Spark Master Worker 进程通讯
1、项目意义
1. 深入理解Spark的Master和Worker的通讯机制;
2. 命名的方式和源码保持一致.(如: 通讯消息类命名就是一样的);
3. 加深对主从服务心跳检测机制(HeartBeat)的理解,方便以后spark源码二次开发。
2、项目需求分析
1. worker注册到Master, Master完成注册,并回复worker注册成功;
2. worker定时发送心跳,并在Master接收到worker的心跳;
3. Master接收到worker心跳后,要更新该worker的最近一次发送心跳的时间;
4. 给Master启动定时任务,定时检测注册的worker有哪些没有更新心跳,并将其从hashmap中删除;
5. master worker 进行分布式部署(Linux系统) -> 如何给maven项目打包 ->上传linux。
3、程序框架图
示例代码
Master示例代码:
package com.lj.akka.spark.master
import akka.actor.{Actor, ActorSystem, Props}
import com.lj.akka.spark.common._
import com.typesafe.config.ConfigFactory
import scala.collection.mutable
import scala.concurrent.duration.DurationDouble
/**
* @author Administrator
* @create 2020-03-24
*/
class SparkMaster extends Actor {
// 收集Worker信息放到HashMap中
val workers = mutable.Map[String, WorkerInfo]()
override def receive: Receive = {
case "spark master start" => {
println("spark master 已经启动......")
// 在Master启动的时候就开始检测Worker的心跳,超时就删除
self ! StartTimeOutWorker
}
// 接收worker的注册信息
case RegisterWorkerInfo(worker_id, worker_cpu, worker_ram) => {
println("Master接收到Worker的注册信息......")
// 如果workers中不含有worker信息,需要将worker信息加入到workers中
if (!workers.contains(worker_id)) {
// 创建WorkerInfo对象
val workerInfo = new WorkerInfo(worker_id, worker_cpu, worker_ram)

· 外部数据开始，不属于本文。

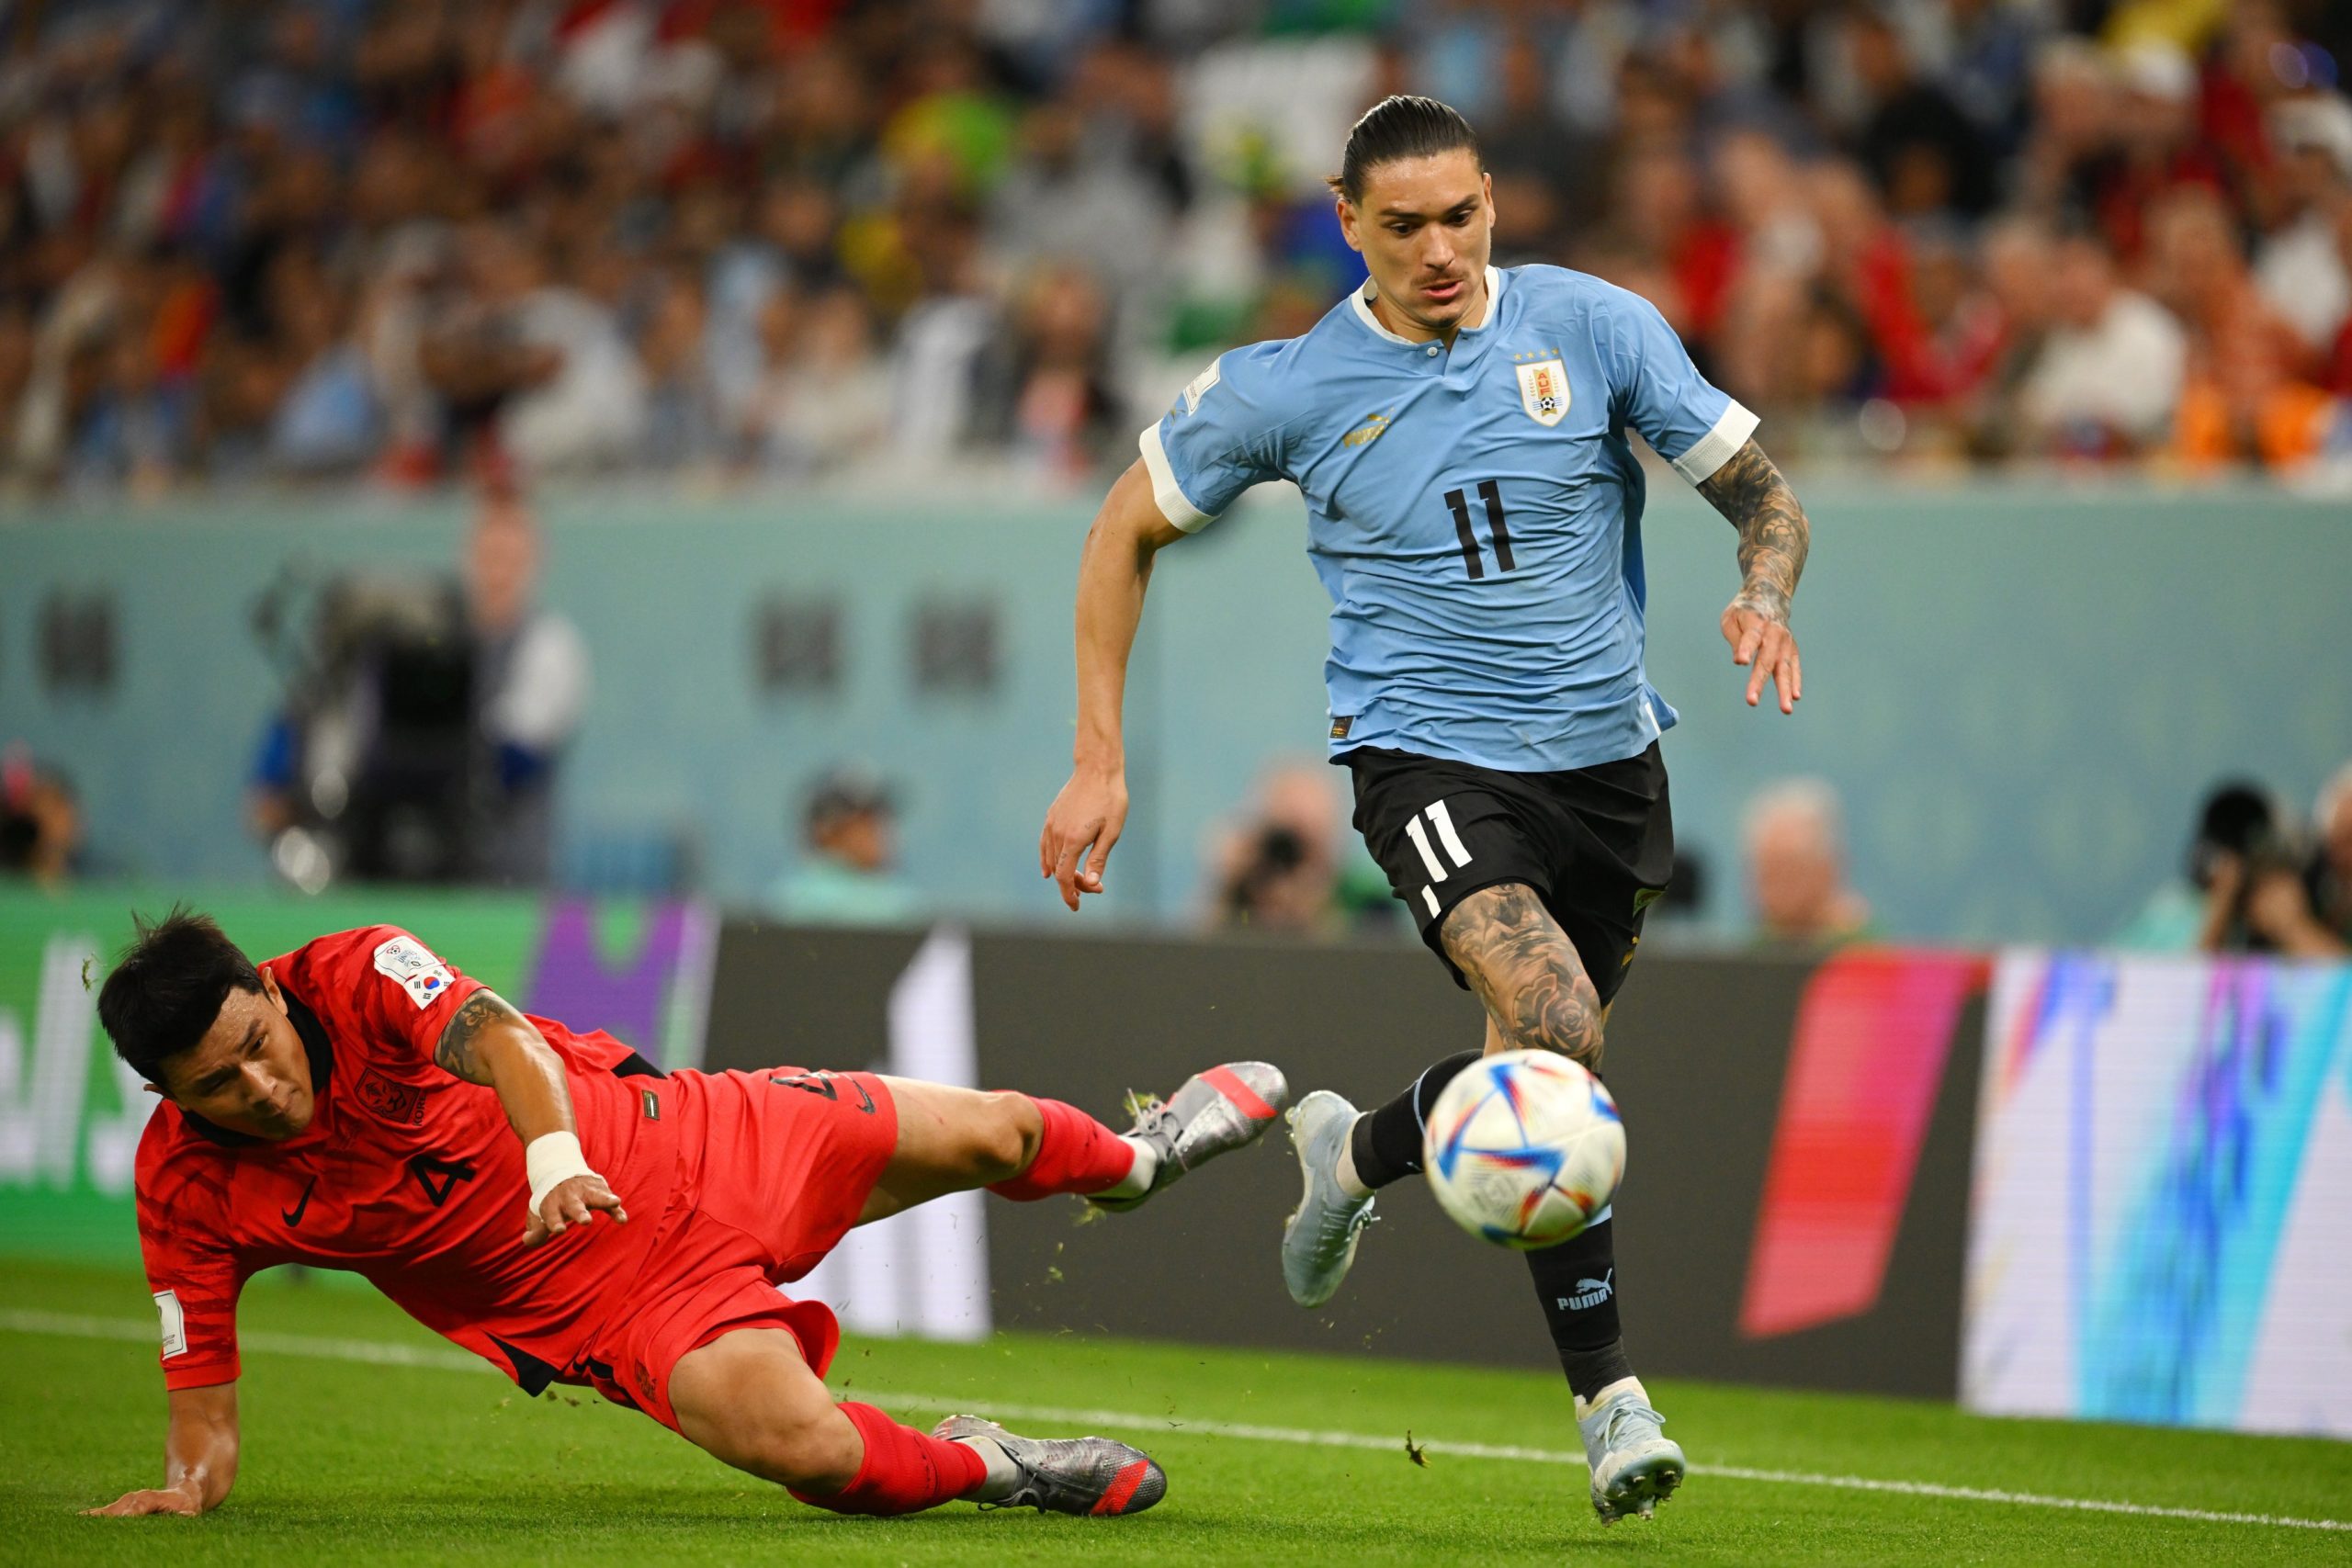 Un nuevo Uruguay afronta su primer partido luego del mundial

workers += ((worker_id, workerInfo))
println("Master的workers:" + workers)
// 回复worker信息,通知worker注册成功
sender() ! RegisteredWorkerInfo
}
}
// 接收到Worker的心跳
case HeartBeat(worker_id) => {
// println(s"Master接收到Worker id:${worker_id} 的心跳...")
// 更新对应work的心跳时间
// 1. 从workers中取出WorkerInfo
val workerInfo = workers(worker_id)
workerInfo.lastHeartBeatTime = System.currentTimeMillis()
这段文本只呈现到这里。